The Chronicle for Higher Education covered the “Save Ashgate” petition and movement, now with over 7000 signatures (which is a huge number for an academic publishing issue).

The company has not yet responded to the petitioners, according to Kathleen E. Kennedy, an associate professor of English at Pennsylvania State University-Brandywine. That silence speaks volumes, she says. “We hear that the neoliberal corporation will roll on profitably with us or without us,” she wrote in an online essay. “We are not part of their equation.”

Go read Kennedy’s essay for more.

What can we do, we who are silenced? We can organize. Unlike the campaign to restore University of Missouri’s press, a petition wasn’t enough to attract the attention of Taylor & Francis or Informa. But we can reach out to those university presses who continue to battle ever increasing austerity. We can encourage the brilliant presses at Ohio State, Minnesota, Penn State, and Yale, among others, to hire our beloved editors, and offer them space to nurture their series and their networks. We who are Ashgate (and that is clearly a lot of us) may flourish elsewhere, but only if we work hard to leverage our networks to make these rehomings possible. Our networks are what make a press valuable to us, and those we carry with us.
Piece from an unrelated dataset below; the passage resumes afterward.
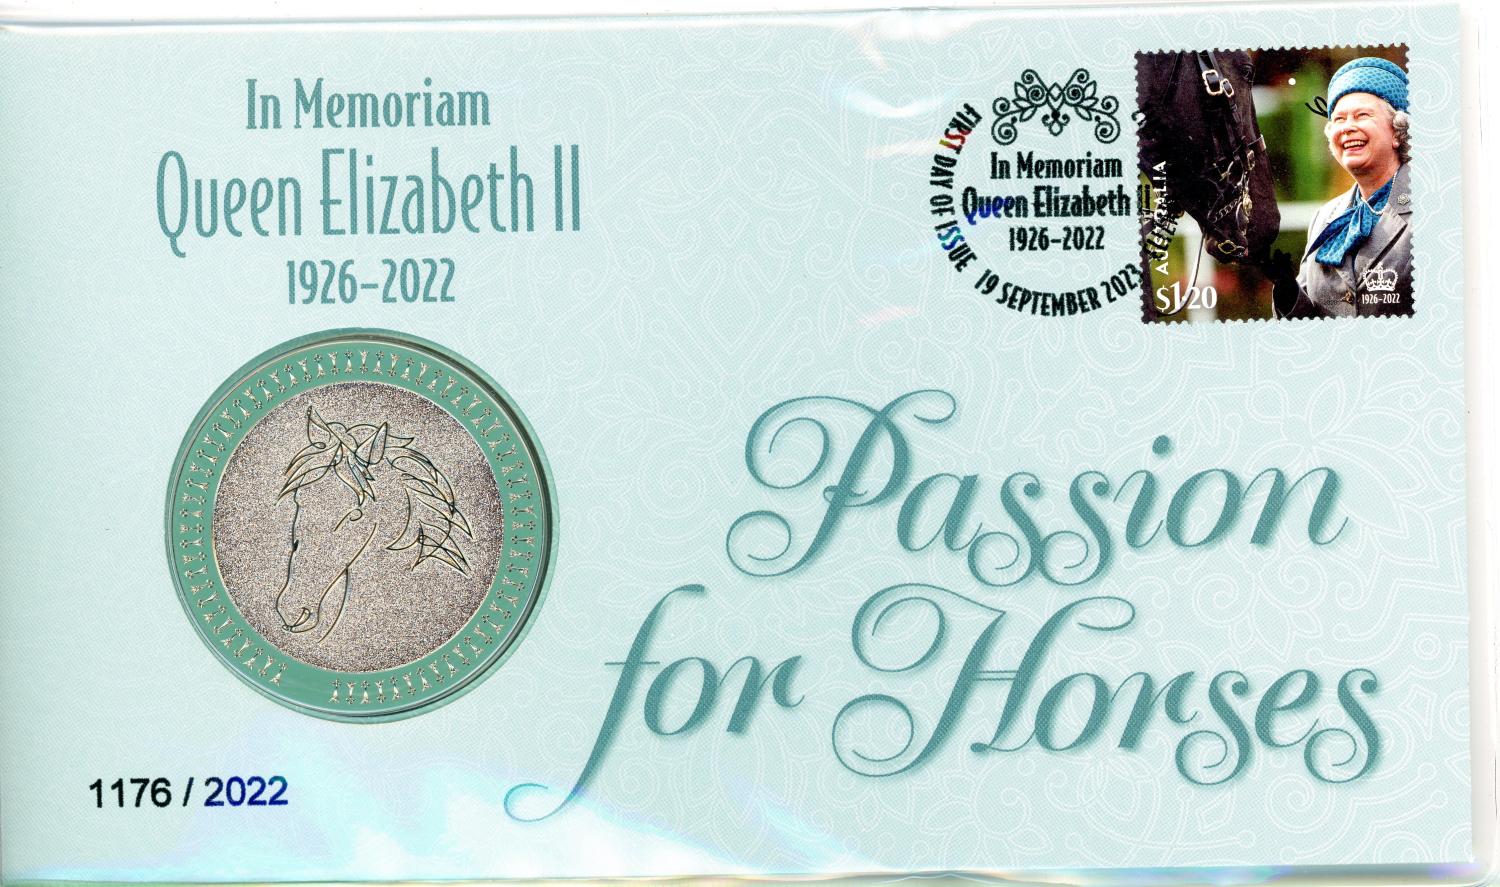 Thumbnail for 2023 In Memoriam Queen Elizabth II 1926-2022 Passion for Horses Postal Medallion Cover

I’ve been thinking a lot about the ways in which academic can change in response to the shrinking options for book publishing. Books won’t go away. Elites will still publish in elite presses which are tied into elite institutions. But the lower tier universities will need to begin to think about redefining what “the book” means to their tenure and promotion structures. Open Access is fine, but the costs to the researcher is often intense. In Europe, large grant groups can build those into their grants. That doesn’t work for the American model.
Another model, of course, is to replace tenured teacher-scholars with adjuncts and lecturers. They don’t “need” to write books anyway. This is, I fear, how neoliberal America will continue to go. Our students will suffer, as we are better teachers when we participate in our disciplines as scholars.
So … much to watch here. I’ll be writing on these issues under my general heading, “Post-book academia.”